» PROBLEM
Below are entries; repeat exactly, and nothing else, the lines from the one holding "무인양품 일본 CD 음악 BGM +008 NORDIK TREE" through the one holding "Senate of the Federal Republic of Nigeria", inclusive. Leave the pictures out.

» RECORDS FOR THE EXERCISE
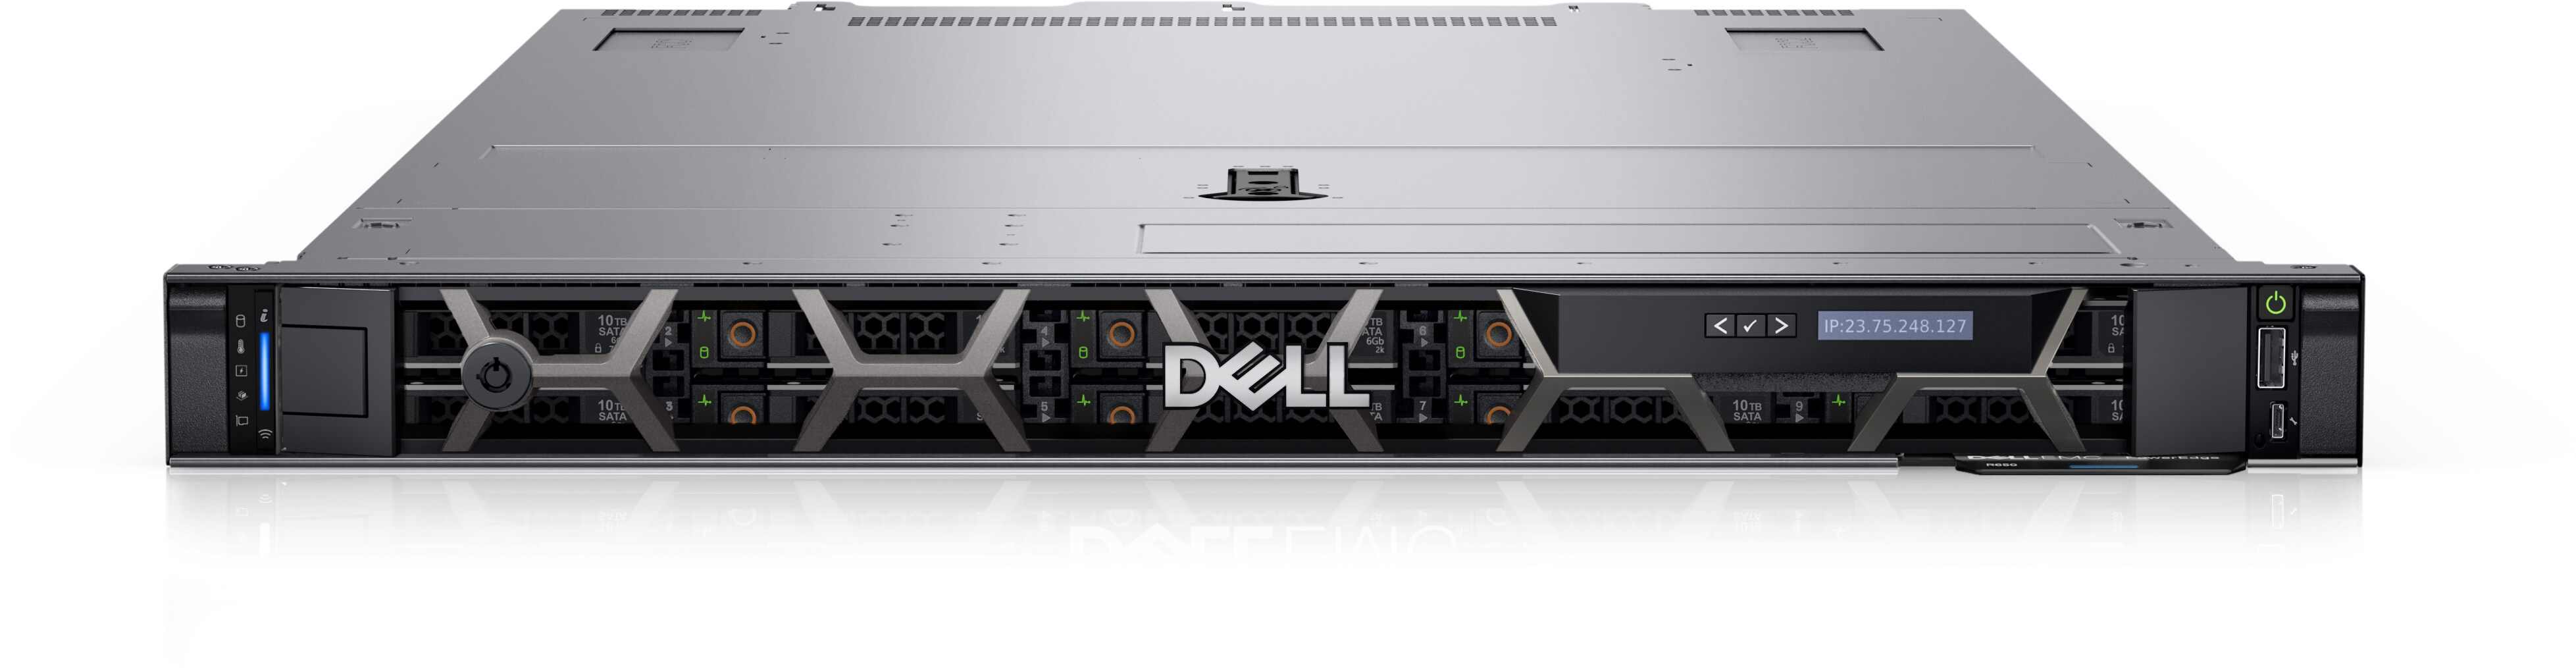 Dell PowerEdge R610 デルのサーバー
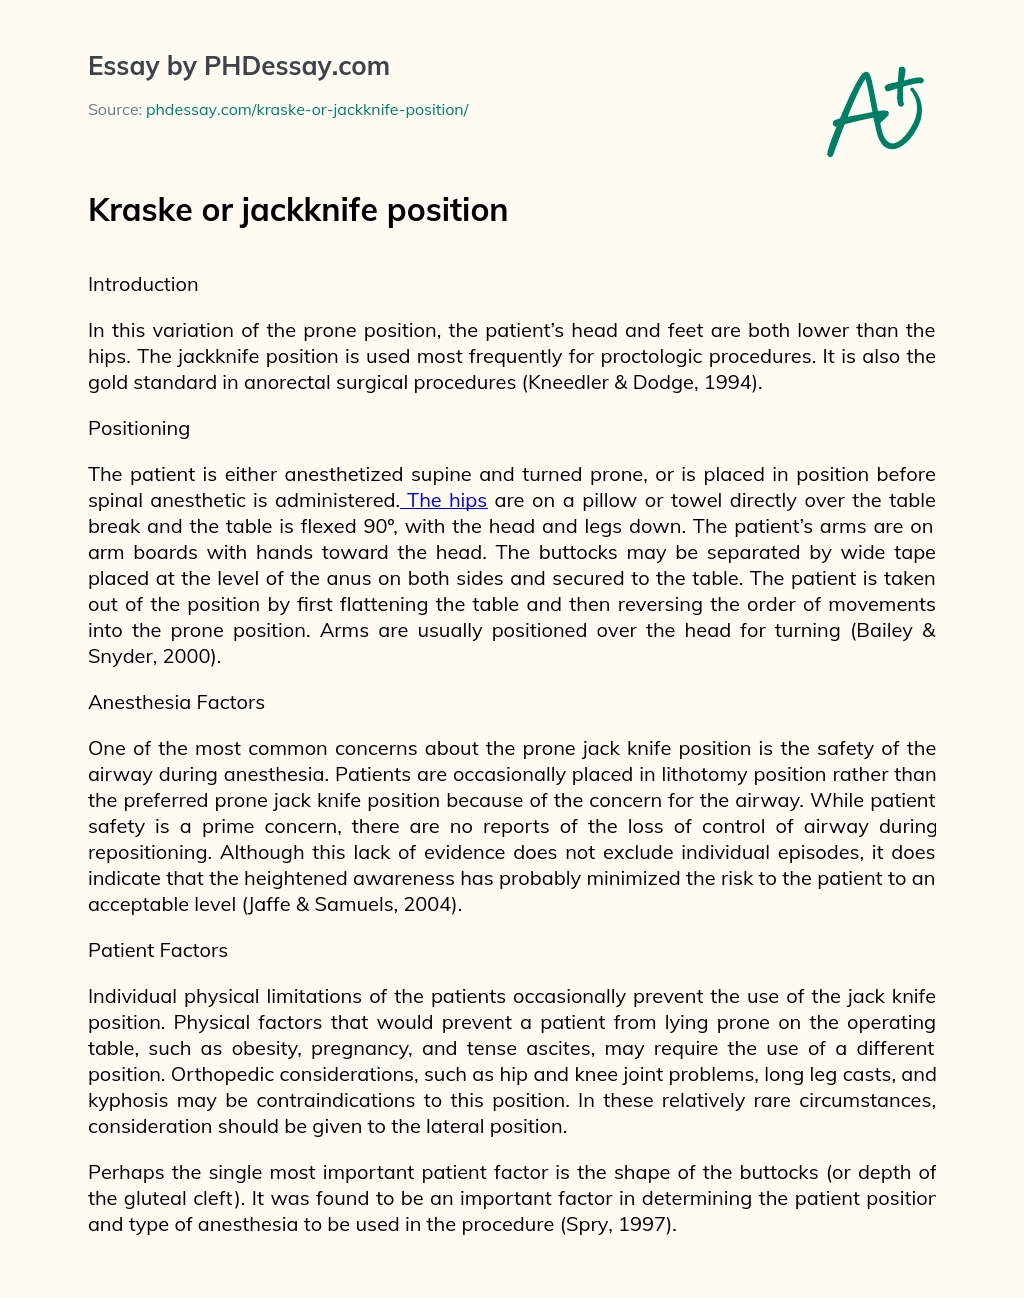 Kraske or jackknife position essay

==

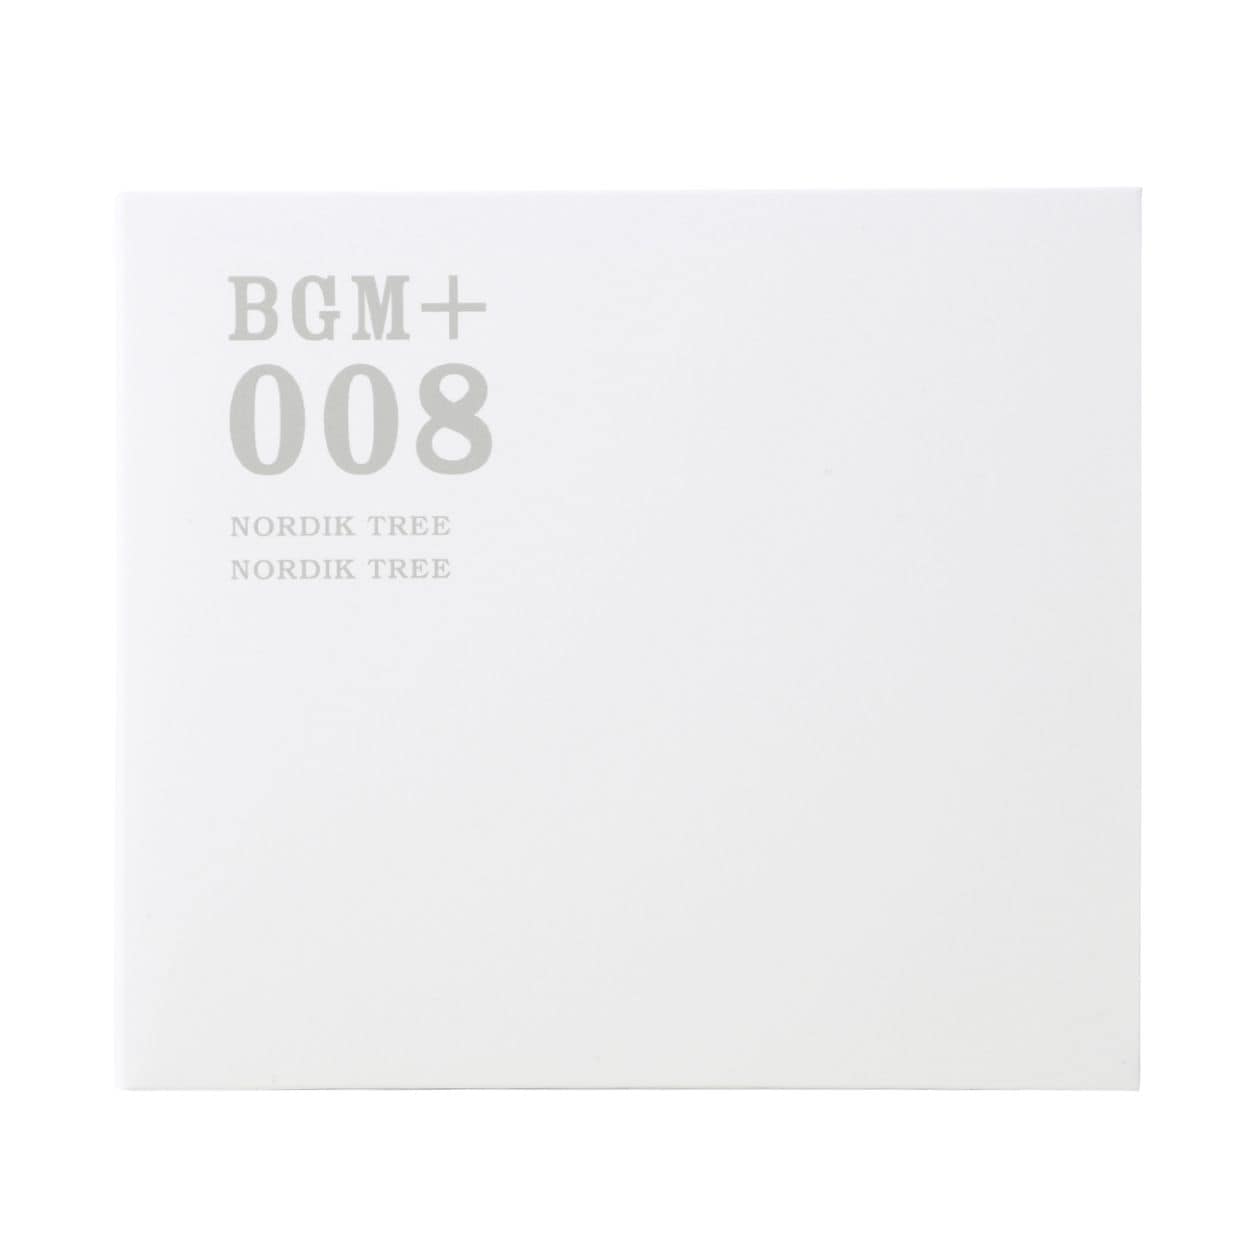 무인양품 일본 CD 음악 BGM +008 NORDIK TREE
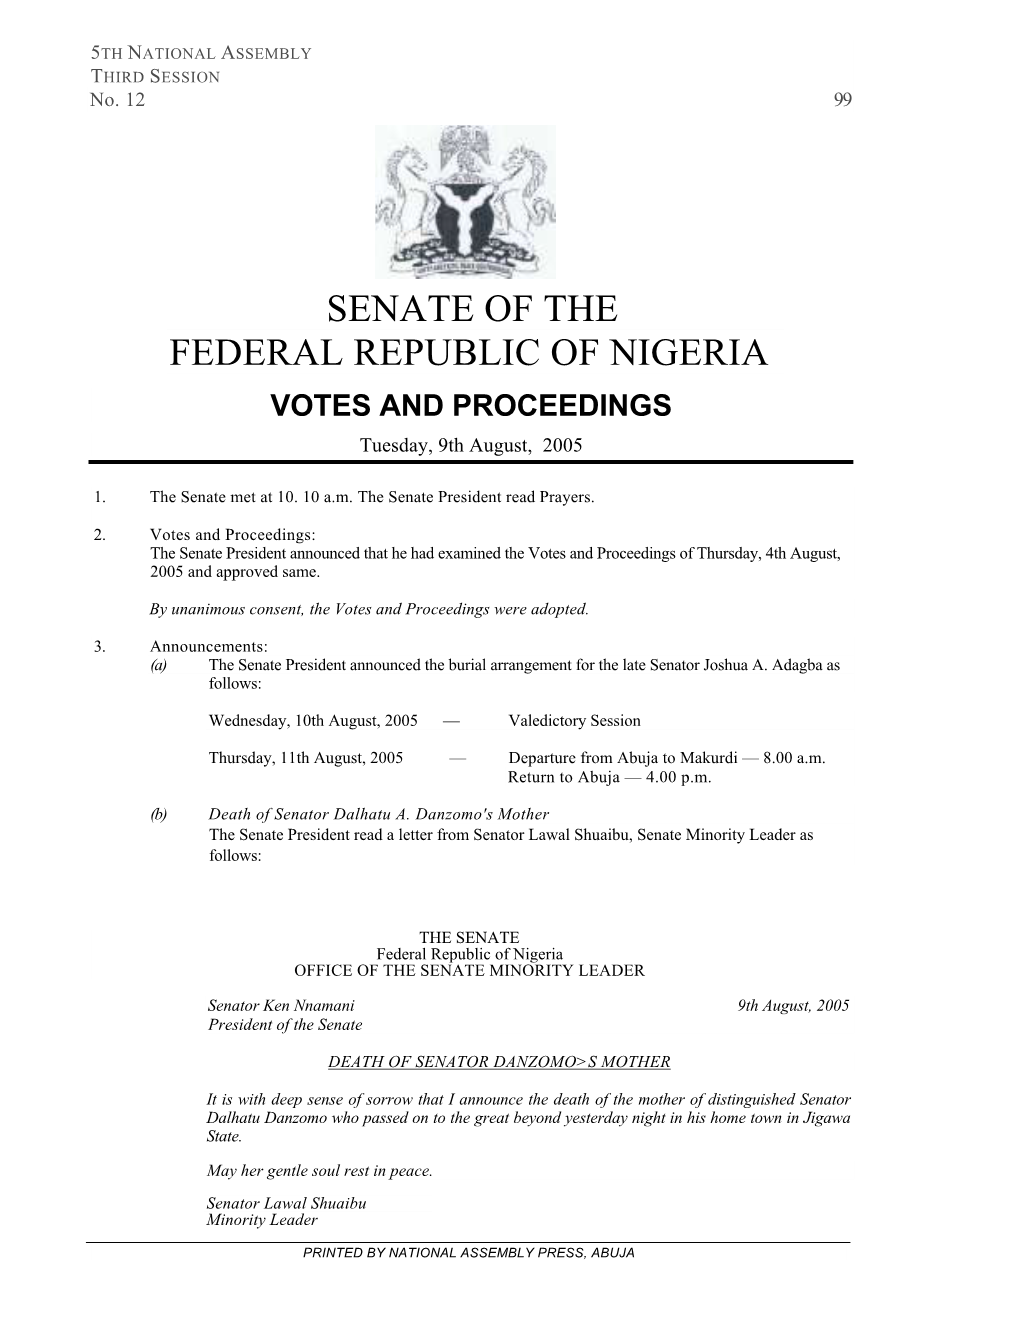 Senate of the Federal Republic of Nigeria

» ANSWER BOX
 무인양품 일본 CD 음악 BGM +008 NORDIK TREE
 Senate of the Federal Republic of Nigeria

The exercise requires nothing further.